Toh, Suwari tak bisa menutupi keheranannya. Mengapa karyanya yang itu menjadi viral. Padahal, banyak juga patung bikinannya yang, menurutnya, juga lebih bagus.

“Sudah lama buat karya yang bagus-bagus. Tapi tidak tahu kenapa malah yang ini (patung macan putih, Red) yang viral,” ucapnya dengan nada heran.

Soal pembuatan patung, menurut Suwari juga tak ada yang aneh. Dikerjakan selama 18 hari. Durasi kerjanya hanya setengah hari per sesi.

Awalnya, ia membuat dudukan macan berbentuk balok. Menggunakan batako dan semen. Karena usianya yang tak lagi muda Suwari dibantu dua orang pekerja. 

Setelah balok terbentuk, barulah tangan Suwari bekerja. Mendesain kerangka hingga memoles semen menjadi sosok macan.

“Material semua dari Pak Kades yang punya toko bangunan. Saya yang bagian membuat patungnya,” ungkap bapak satu anak tersebut.

Tapi, ada sedikit keanehan yang dirasakan Suwari selama proses pengerjaan. Dia sebenarnya telah mengikuti desain yang diberikan. Tapi, dia merasa hasil akhirnya menjadi berbeda.

“Seperti bukan yang biasanya. Tangan saya seperti ada yang membelokkan saat membentuknya,” kenangnya, soal pengalaman mistis yang dia rasakan ketika mengerjakan patung.

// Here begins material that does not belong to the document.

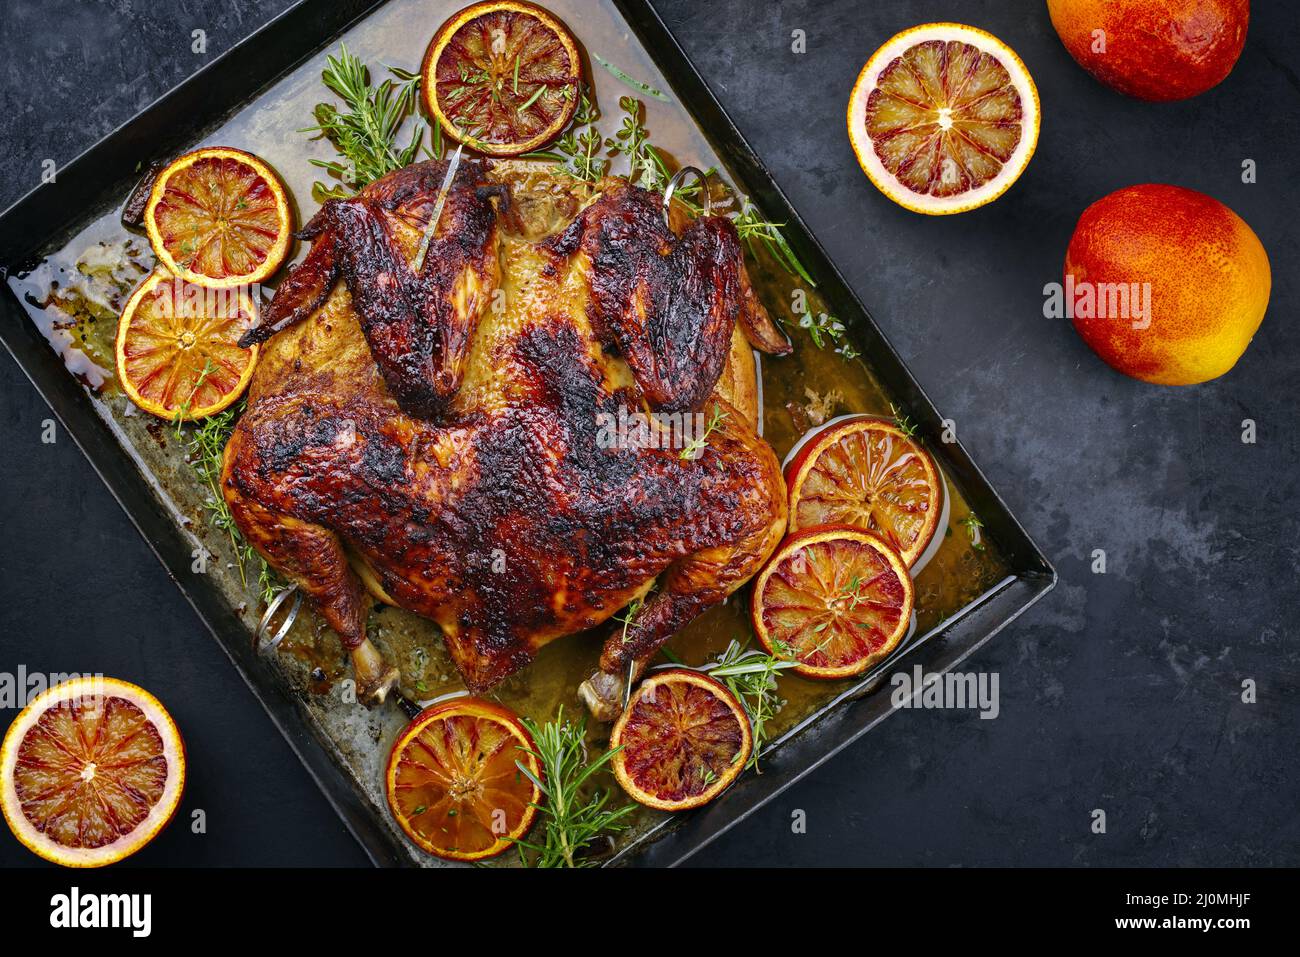 Traditional barbecue spatchcocked chicken al mattone chili with orange slices and herbs served as top view on an old rustic meta Stock Photo

Patung setinggi dua meter itu sejatinya menggambarkan sosok leluhur desa. Dibuat sebagai ikon desa.

Karena itu, konstruksinya dibuat sekuat mungkin. Menggunakan rangka besi yang tertanam hingga menembus aspal. “Kalau tidak pakai alat berat, tidak bisa ambruk ini,” kelakar sang pematung.

Toh, apapun yang terjadi, patung itu kini menjadi viral. Lokasinya banyak dipadati pengunjung. Begitu banyaknya hingga mengundang pedagang kaki lima (PKL) berjualan.

Juga, kerap membuat pertigaan tersebut menjadi macet karena ada yang datang dari luar kota menumpang bus.

Namun, di balik viralnya patung macan putih tersebut, sepak terjang Suwari di dunia seni memang sangat panjang.

Sejak tahun 1970-an ia sudah aktif dalam kesenian karawitan, ludruk, gending, hingga tari. Baru pada era 1980-an terjun ke dunia seni rupa.

Membuat relief, taman, hingga arsitektur unik. Kliennya kebanyakan berasal dari sekolah-sekolah yang meminta dibuatkan lukisan atau relief.

“Ada patung rajawali, Semar, Gareng, Petruk. Biasanya pesanan untuk gapura, taman, atau parkiran sekolah,” lanjut kakek yang belajar seni secara otodidak ini.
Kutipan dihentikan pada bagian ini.